■ YOUR TASK
In the listing below, find the line containing "マイクロソフト認定教育イノベーター案内画像" and the line containing "Les champs ont", then copy exactly everything from the first through the second, except the pictures.

■ MATERIAL SUPPLIED
---

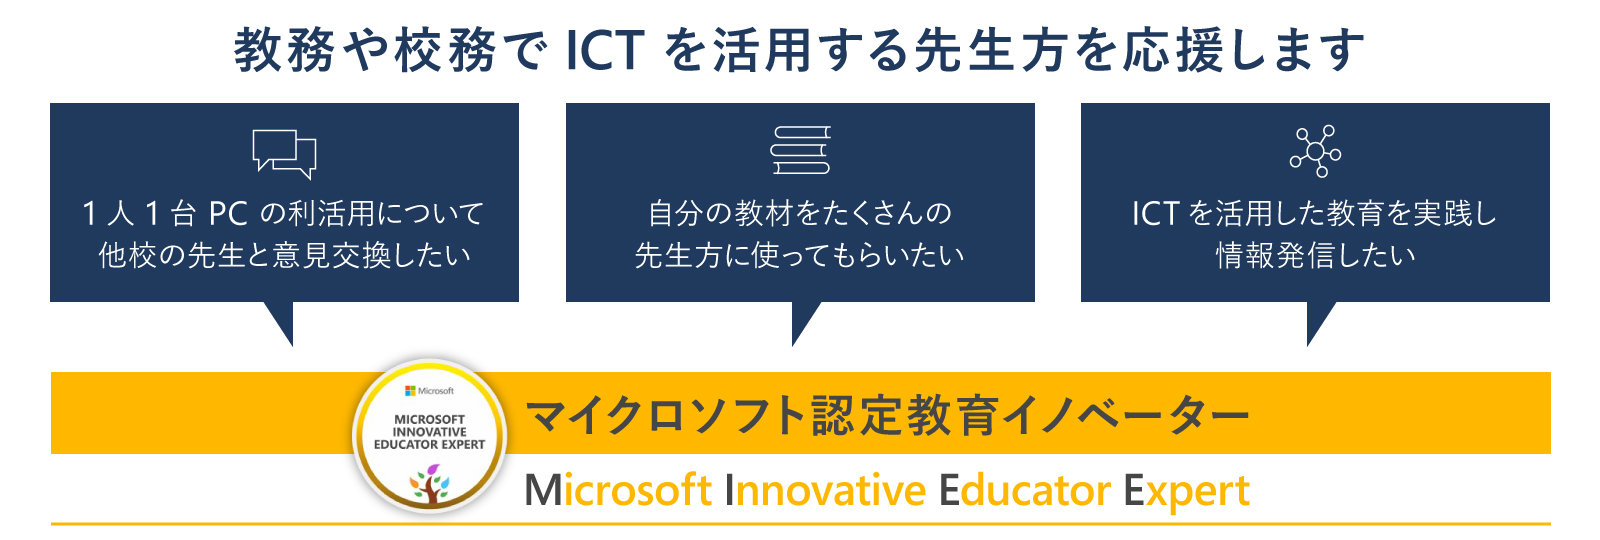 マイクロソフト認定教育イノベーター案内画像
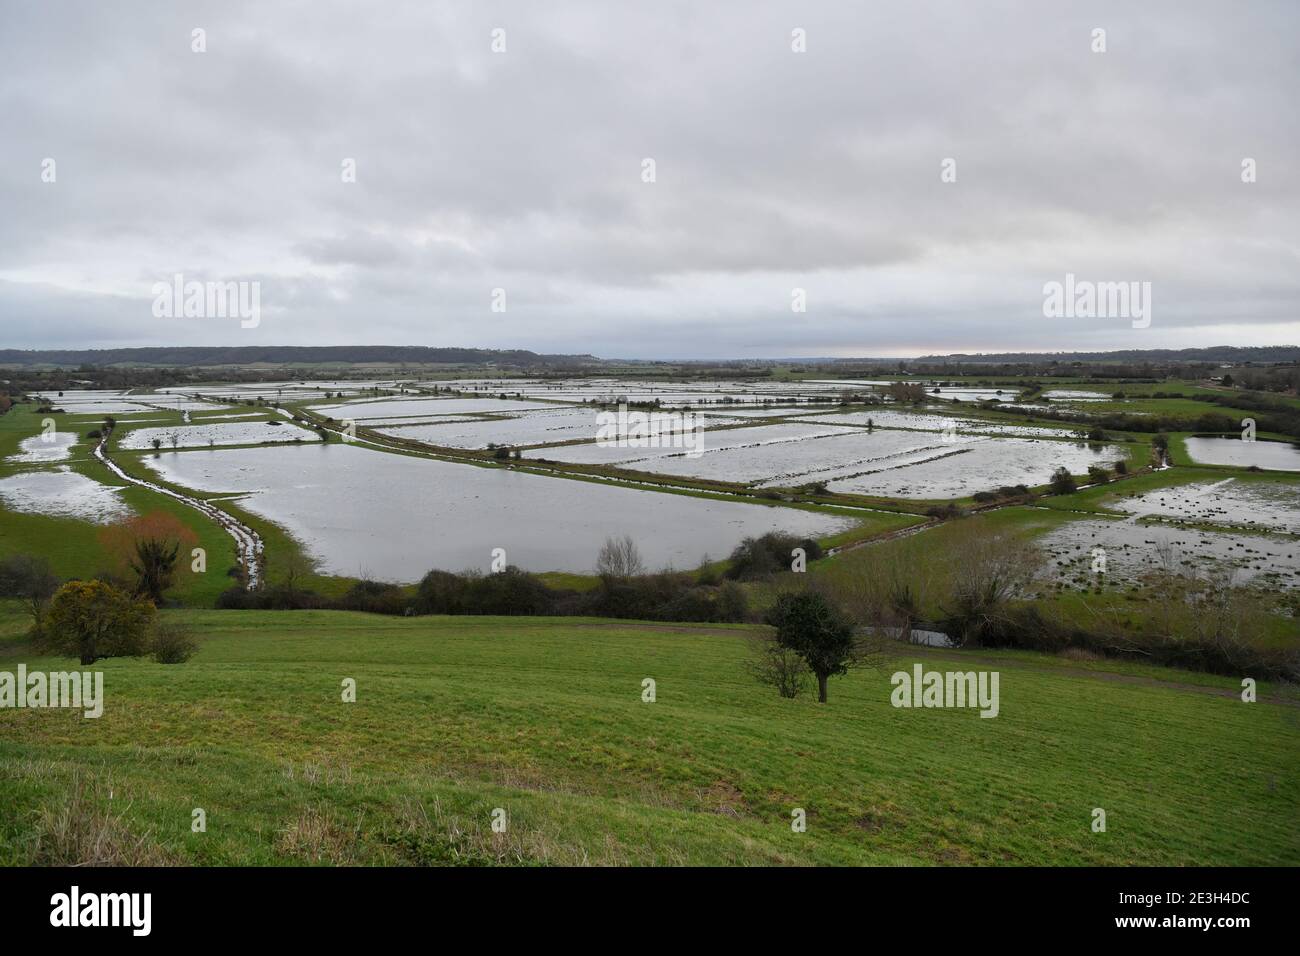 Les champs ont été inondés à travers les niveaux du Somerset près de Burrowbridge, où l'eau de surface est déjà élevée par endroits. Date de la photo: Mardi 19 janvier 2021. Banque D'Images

---

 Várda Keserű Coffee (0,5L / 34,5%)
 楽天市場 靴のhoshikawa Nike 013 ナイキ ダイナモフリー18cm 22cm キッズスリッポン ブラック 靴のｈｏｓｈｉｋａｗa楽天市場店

---

■ OUTPUT
 マイクロソフト認定教育イノベーター案内画像
 Les champs ont été inondés à travers les niveaux du Somerset près de Burrowbridge, où l'eau de surface est déjà élevée par endroits. Date de la photo: Mardi 19 janvier 2021. Banque D'Images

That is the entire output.